For dinner, my mom asked me to assist her with making her famous chicken salad. First I prepared the meat, cutting it into edible slices. Then I had to fry the won ton strips. After a while, though, my won tons failed to be crispy enough and my mom took over. Next, I opened the can of mandarin oranges and bag of thinly sliced almonds. Finally, I would make the salad. After I washed the salad, it was a wet. No one wants to eat wet salad (I would hope), especially when the salad becomes soggy from the water. So then I grabbed the salad spinner. Here I witnessed the physics of the salad spinner. The salad spinner is in the shape of a circle. There is a clear basket on the outside and in the inside there is a bowl with horizontal slits. There is a cover that has a pump, which I would pump for the bowl to spin. After I spun the bowl a few times with the pump, the salad became dry and ready to eat.

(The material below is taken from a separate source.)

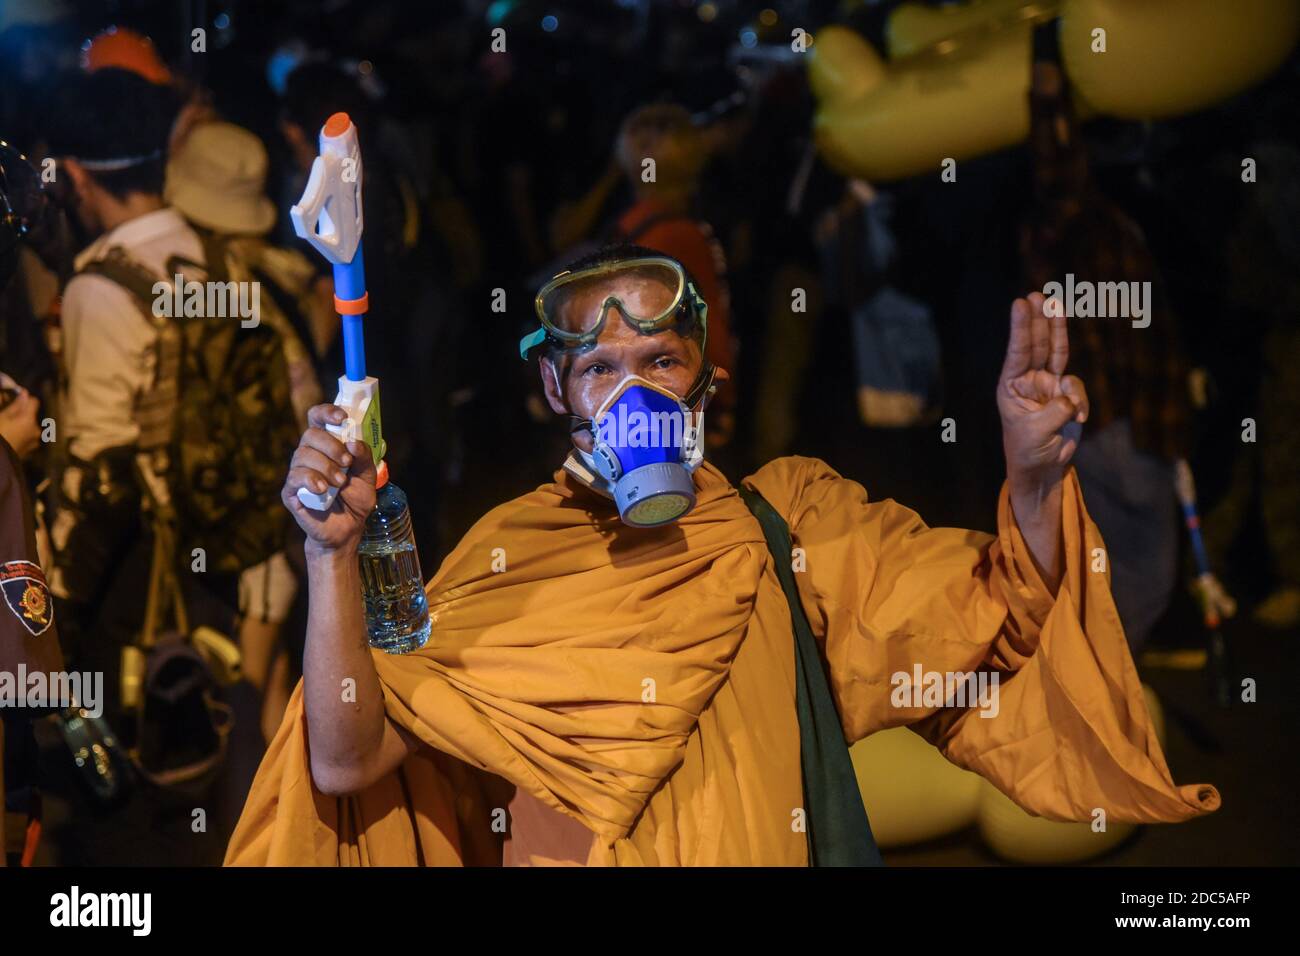 Bangkok, Thaïlande. 1er janvier 2014. Un moine bouddhiste tient les trois doigts pour saluer pendant la manifestation.des milliers de manifestants pro-démocratie ont convergé à l'intersection de Ratchaprasong pour réclamer les changements à la constitution de la Thaïlande. Après l'émeute, la police a utilisé des canons à eau et des gaz lacrymogènes pour repousser les manifestants pro-démocratie au Parlement. Credit: Yuttachai Kongprasert/SOPA Images/ZUMA Wire/Alay Live News Banque D'Images
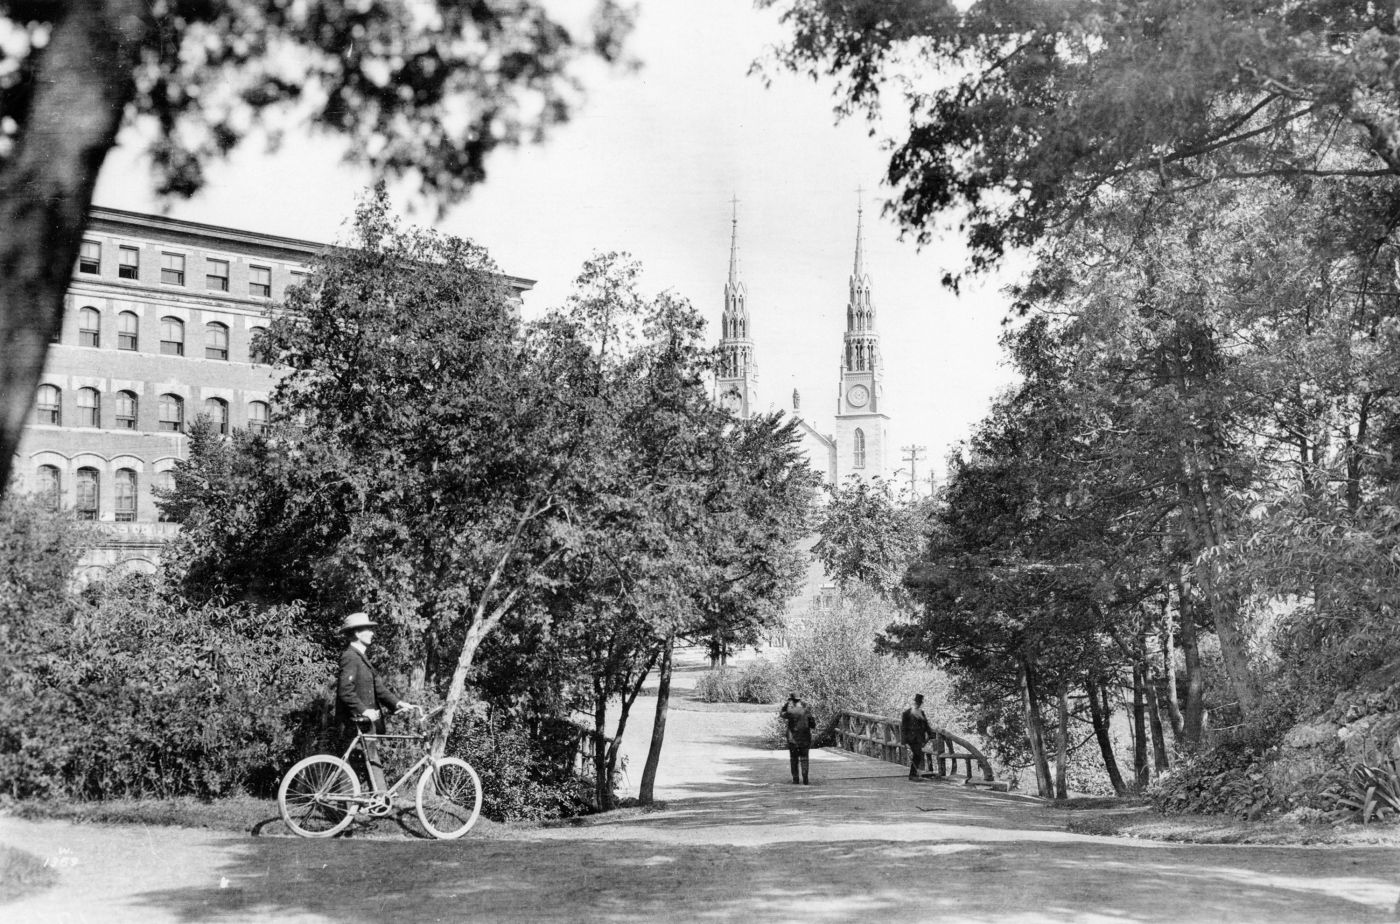 Photographie en noir et blanc d’un homme marchant à côté de sa bicyclette. Il se dirige vers une esplanade bordée d’arbres, menant à un pont de bois que traversent deux hommes à pied. Les deux clochers d’une grande église sont visibles entre les arbres.

But before I mixed the salad with the other ingredients, I noticed how all the salad condensed together and all the water went to the clear bowl. The salad remained in the inside bowl due to the centripetal force. The centripetal force was the walls of the bowl, keeping the salad moving in a circular path. The centripetal force always points to the center of the circle. The water, however, had NO force acting upon it, allowing the water to come off. There was not enough force to keep the water moving in a circle. When there is no force, the object will fly off tangent to the circle. It makes so much sense now that I learned and witnessed the salad spinner. The salad spinner is a neat and effective invention that clearly demonstrates physics. 

My salad spinner with the pump. I would show a picture of the chicken salad, but my family and I ate it all!